The back leg of the bench needs to be angled for stability...yes?
Why can't the upper back support and leg be the same piece of solid stock? 
I would take some posterboard and draw out what I wanted the end result to look like and see if the stock is wide enough. If not, and you have enough wood, edge-glue 2 boards together. 
Then, it's a matter of cutting mortise and tenons for the seat framework to attach to the legs/backs.


----------



## John in Tennessee (Jun 11, 2008)

Here is one 

//www.youtube.com/watch?v=DhLfb7m9Fug


----------



## Tony B (Jul 30, 2008)

*Generally, the Mortise and Tenon*

is the strongest joint in chair making. It should be planned into the chair/bench prior to any cutting and gluing. If the bench has already been started, your choices may be severely narrowed.


----------



## Johnathan Wilkinson (Jan 9, 2008)

Thanks for all the comments, guys.
Gusthehonky: Yes, I've downloaded the Gutenberg files - they're great for a beginner like me.
Cabinetman, Rob, John & Tony - Thanks for your input. But it all came too late in the day, I'm sorry to say. I've nearly finished the bench now (as you can see, I posted this thread back in January and since then I've only had a few free days, here and there, to do anything in my workshop).

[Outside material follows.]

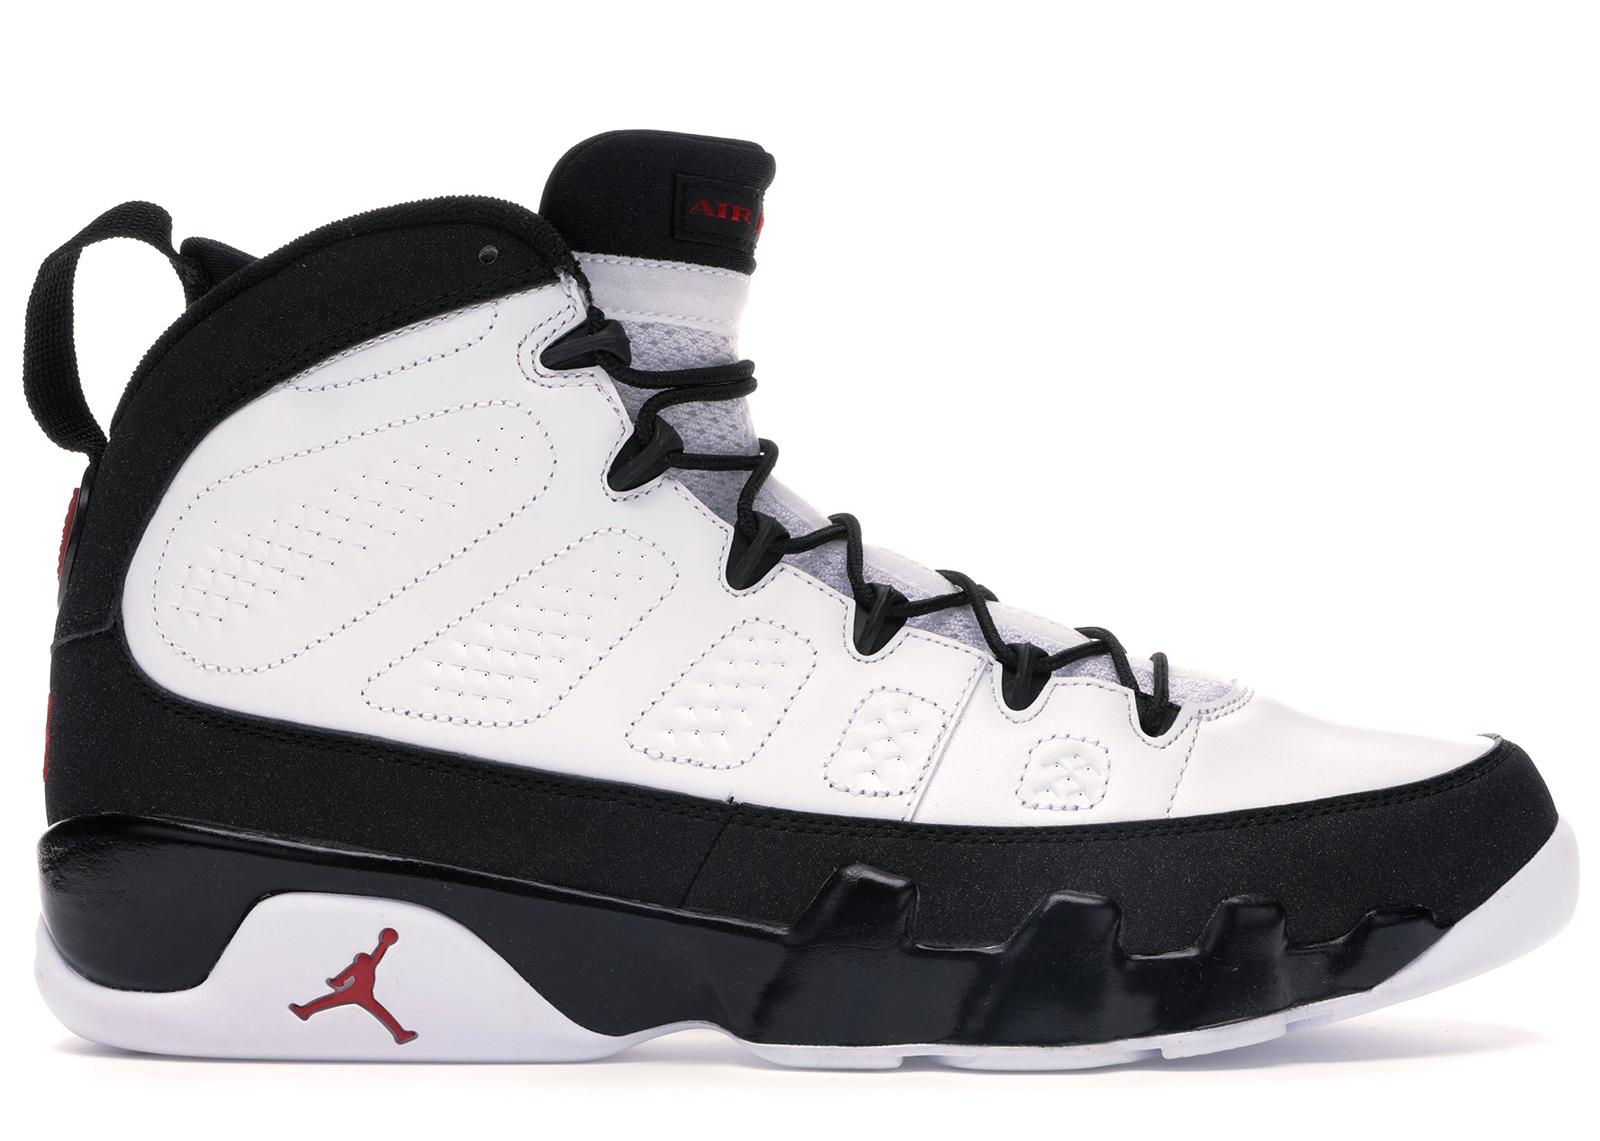 Jordan 9 Retro White Black Red (2010

I finally went with a softer wood (Meranti) and used single straight-backed pieces of 4x2, tapered on the inside edges. The two bearers - I have no idea what the joint would be called - I kinda' just made one up... the rear bearer enters the post with a mortise & tenon style, while the shorter bearer (forming the end of the bench) has a lap on the outside edge and a stub that slots into the side of the rear bearer's tenon - locking it in place.
Sorry...that's probably as clear as mud, right? Hope you have a rough idea what I mean. I'll post a picture soon.

Once again, thanks for your comments.

J


----------